Moreover, because of his elegant life, his work was reevaluated in his later years, and a chance encounter (Tomkins followed his young daughters into the neighbor's garden and found Gerard pruning the roses) led to the writing of his biography, inspiring readers a hundred years later. The result was "revenge enough", wasn't it?


As I close the book, I am left with a long-lasting feeling of a mixture of excitement and relief that their elegant lives were able to avenge their harsh lives.


It has been more than 20 years since I first read this book, but I keep coming back to it and imagining the life and lifestyle of the Murphys and wondering how I could live like them.


It's true that they were wealthy. However, Tomkins wrote, "While Scott and Zelda (Fitzgerald and his wife) lived in poverty with a huge amount of money, Mr. and Mrs. Murphy lived very elegantly with much less money" . I believe that every person has his or her own style of "elegant living ". 

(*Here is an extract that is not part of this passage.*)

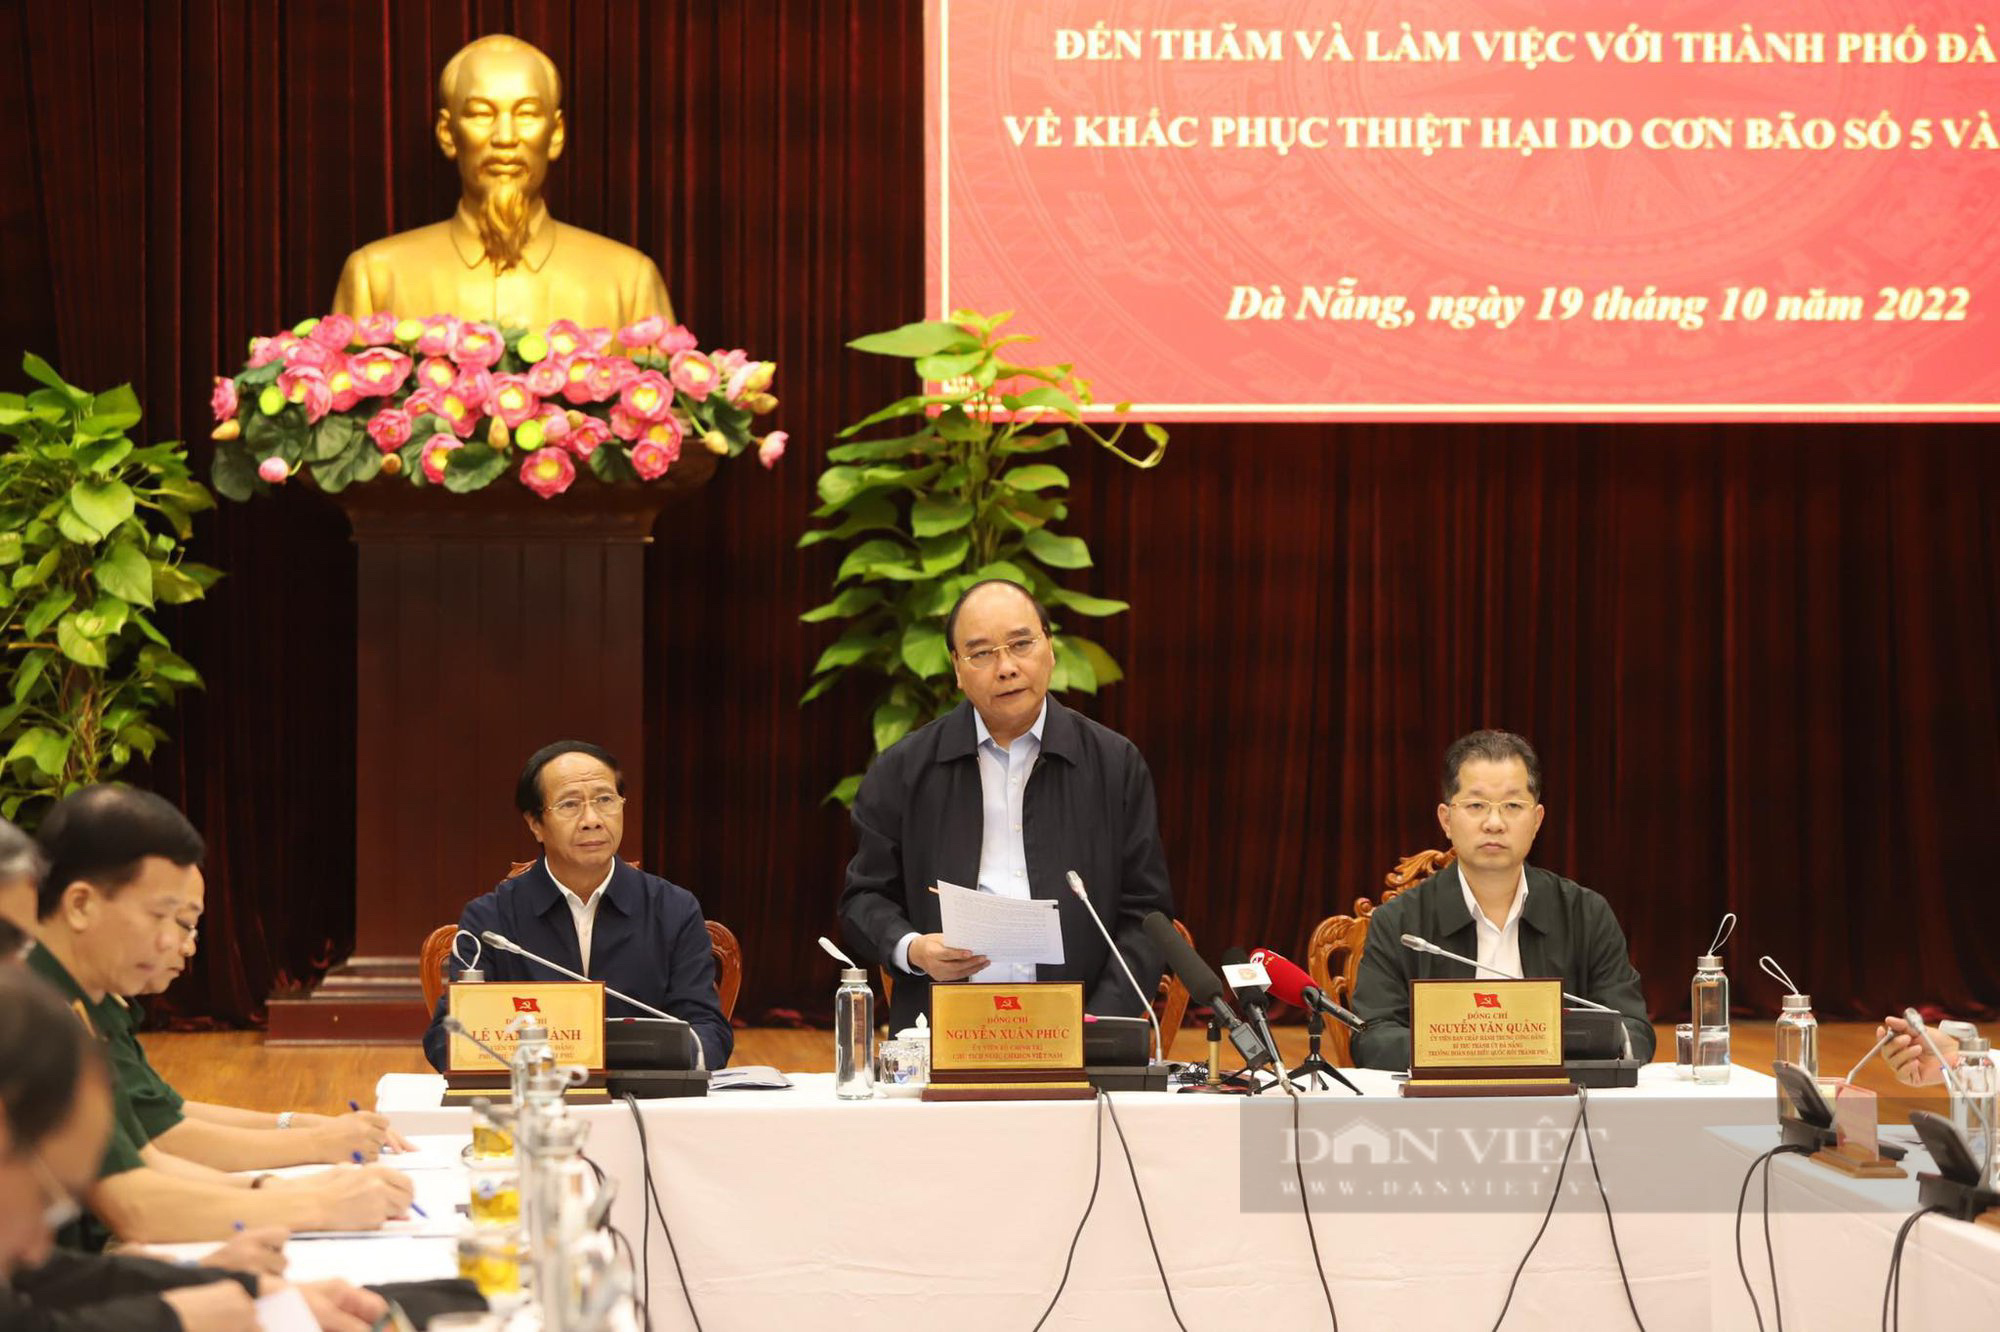 Chủ tịch nước chuyển lời thăm hỏi ân cần của Tổng Bí thư đến người dân Đà Nẵng và miền Trung  - Ảnh 1.

When we think of the term "elegant life," we tend to imagine a life surrounded by luxurious things. However, there are many ways to live well, and I believe that this painting from the Edo period, for example, depicts an elegant life. 




Cooling off by Kusumi Morikage,  Edo Period, 17th century
ColBase (https://colbase.nich.go.jp)


A family sits under the eaves of a gourd trellis on a bed of straw. The sky above the full moon is dim, and the darkness of the night will soon envelop them. However, the relaxed expressions on the faces of the three people convey a sense of contentment.


To be as we are. To know what you really need. To be altruistic. Use your wisdom. Leave room in your heart. I try to manage to live gracefully while learning these things every day. When times are tough, remember that. I believe that the present, lived in such a way, will create the future.


Now that we are living in a time of great change with no clear future, I think it will be a great help for us to tweet and try to say, "Living well is the best revenge.